Die alltäglichen Aufgaben, vertraulich erledigt
- Eine Vorgangsakte zusammenstellen. Fügen Sie Urkunde, Ausweise und Begleitunterlagen lokal zu einem sauberen PDF zusammen.
- Schützen, was Sie archivieren oder versenden. Versehen Sie ein Dokument mit einem Passwort, abgesichert durch starke AES-Verschlüsselung, und geben Sie den Schlüssel getrennt weiter. Sie mailen eine Urkunde oder ein Testament an eine Partei? Erst schützen.
- Komprimieren ohne Offenlegung. Eine eingescannte Urkunde ist schwer. Komprimieren Sie sie, damit sie in eine E-Mail passt, ohne das Dokument des Mandanten an einen Komprimierungsdienst hochzuladen.
- Eine archivierte Urkunde durchsuchbar machen. Ein altes Scan-Dokument wird nach OCR durchsuchbar, sodass Sie im Archiv finden, was Sie brauchen. Der Scan bleibt auf dem Rechner.
- Eine Unterschrift hinzufügen. Signieren Sie ein Dokument mit dem Signatur-Tool für die alltägliche elektronische Unterzeichnung, ohne dass ein Drittdienst die Datei berührt. (Für die qualifizierten elektronischen Signaturen, die manche notariellen Akte verlangen, nutzen Sie Ihr akkreditiertes Zertifikat und die passende amtliche Software; dies deckt das gewöhnliche Unterzeichnen dazwischen ab.)

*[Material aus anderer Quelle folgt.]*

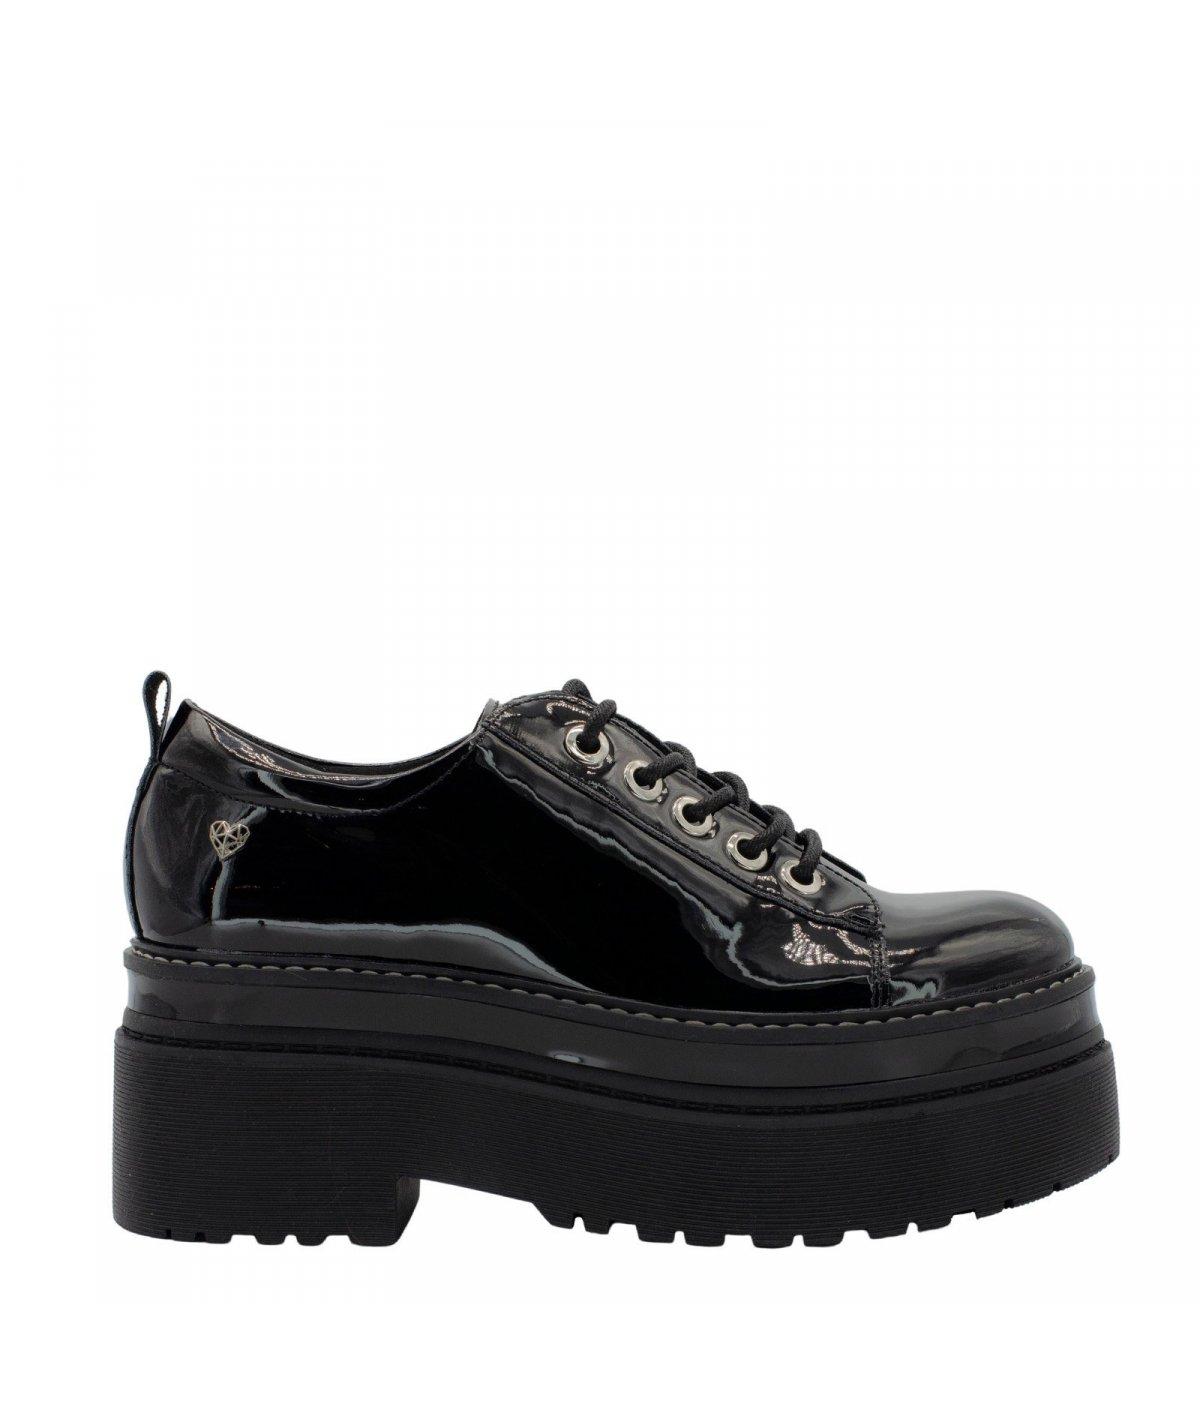 Zapaton Mujer 281 Charol

Vertrauen, das Sie belegen können
Der ganze Wert eines Notars liegt darin, die Instanz zu sein, auf die sich alle verlassen können, dass ein Dokument korrekt behandelt wird. Das lässt sich kaum behaupten, wenn ein Teil des Arbeitsablaufs sensible Urkunden klammheimlich über fremde Server leitet, deren Löschzusagen Sie auf gut Glück hinnehmen. Die Arbeit im Browser schließt diese Lücke: Es gibt keinen Dritten, für den Sie geradestehen müssten, weil es keinen gibt. Das Dokument geht vom Mandanten zum Rechner der Kanzlei und dann dorthin, wo es hingehört, ohne einen PDF-Dienst dazwischen.

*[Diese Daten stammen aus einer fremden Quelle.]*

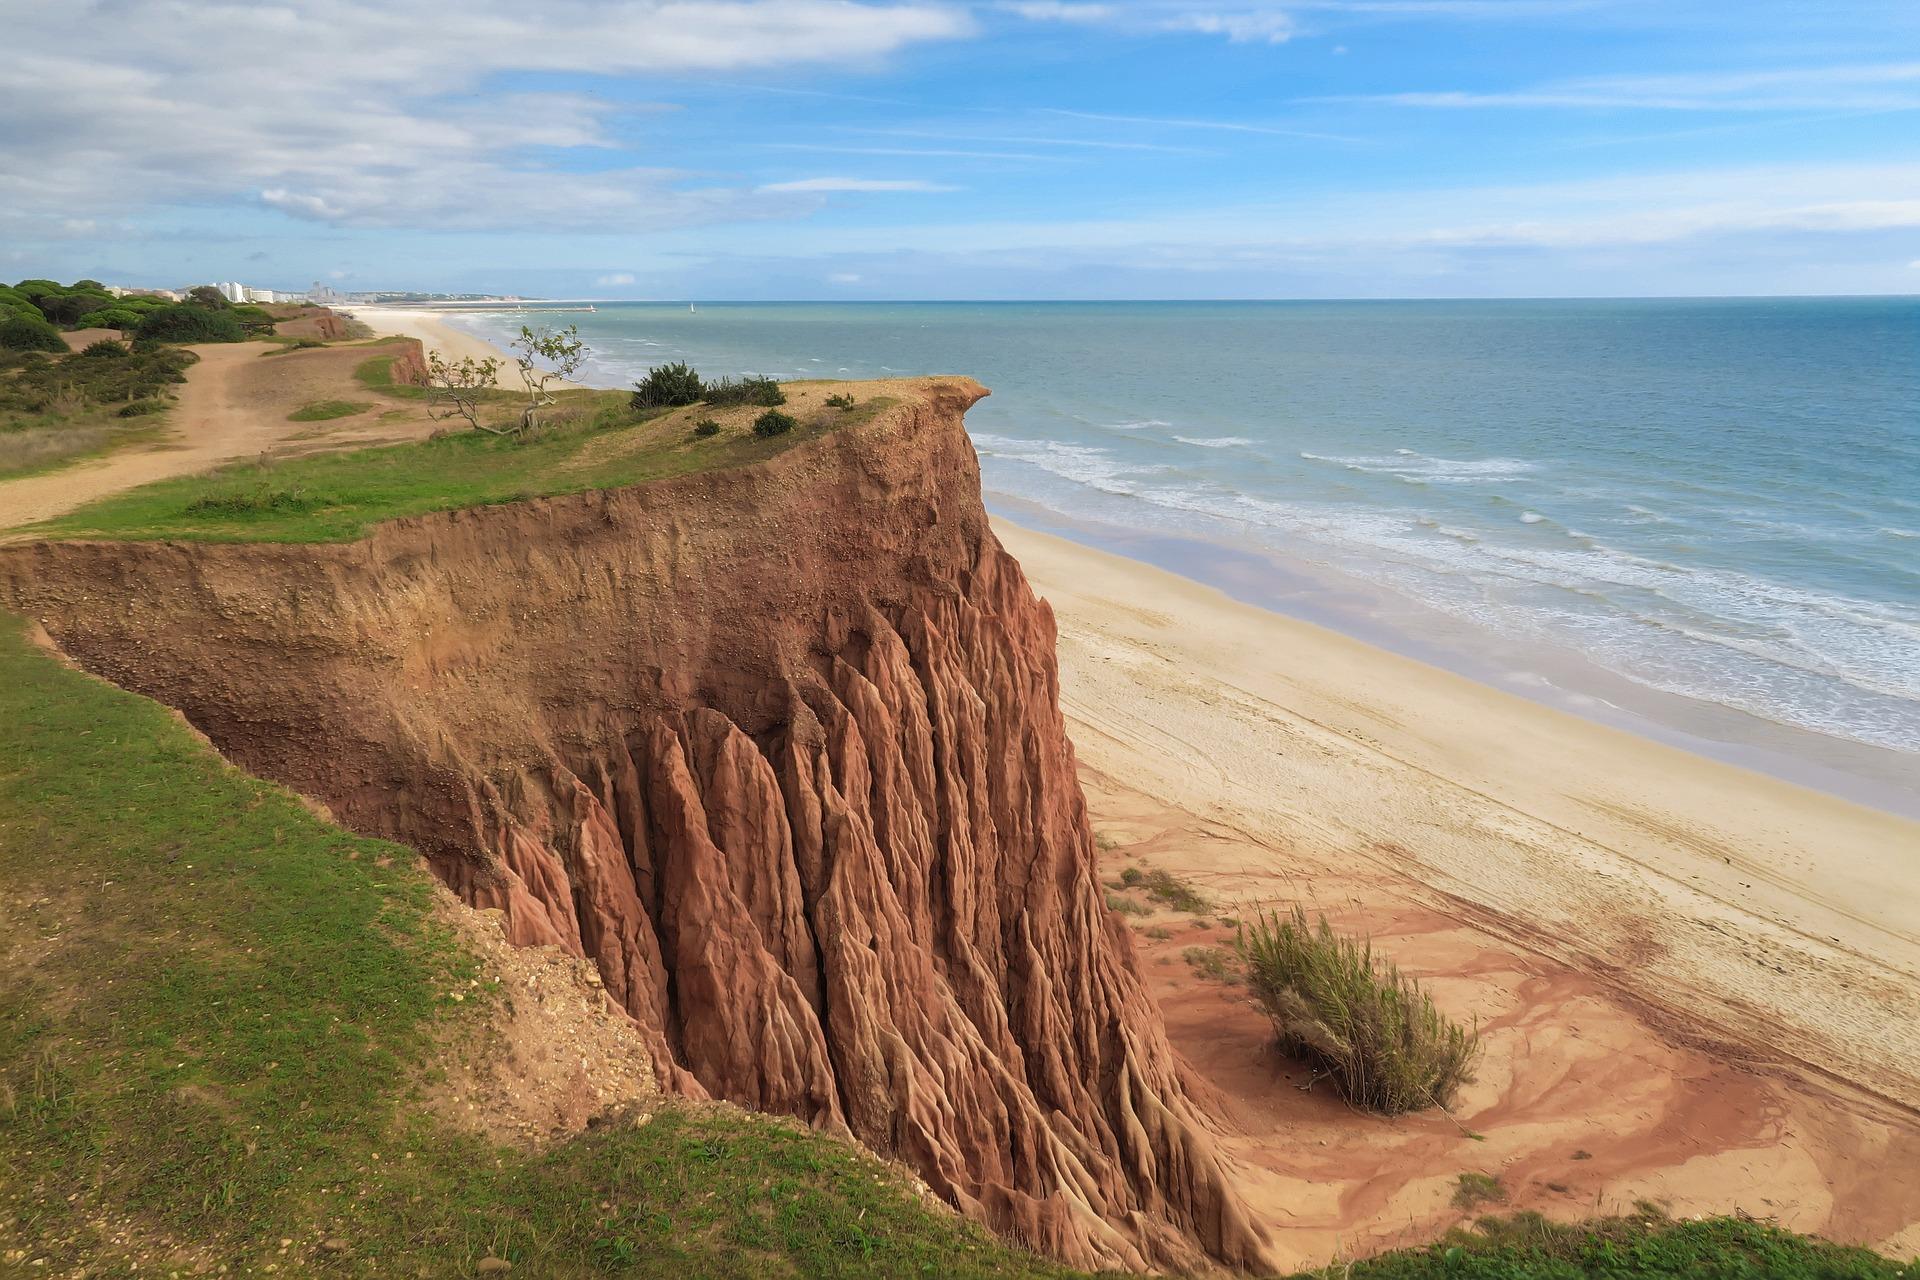 Praia de Falésia an der Atlantikküste im Süden des Landes

Bei derart sensiblen und folgenreichen Dokumenten ist es keine zusätzliche Vorsichtsmaßnahme, sie bei jedem Schritt auf dem eigenen Rechner zu halten; es ist die Grundlinie, die der Beruf verlangt. Öffnen Sie die PDF-Tools, erledigen Sie die Arbeit im Browser, und die wichtigsten Dokumente des Mandanten bleiben genau dort, wo ein Notar sie verwahren soll.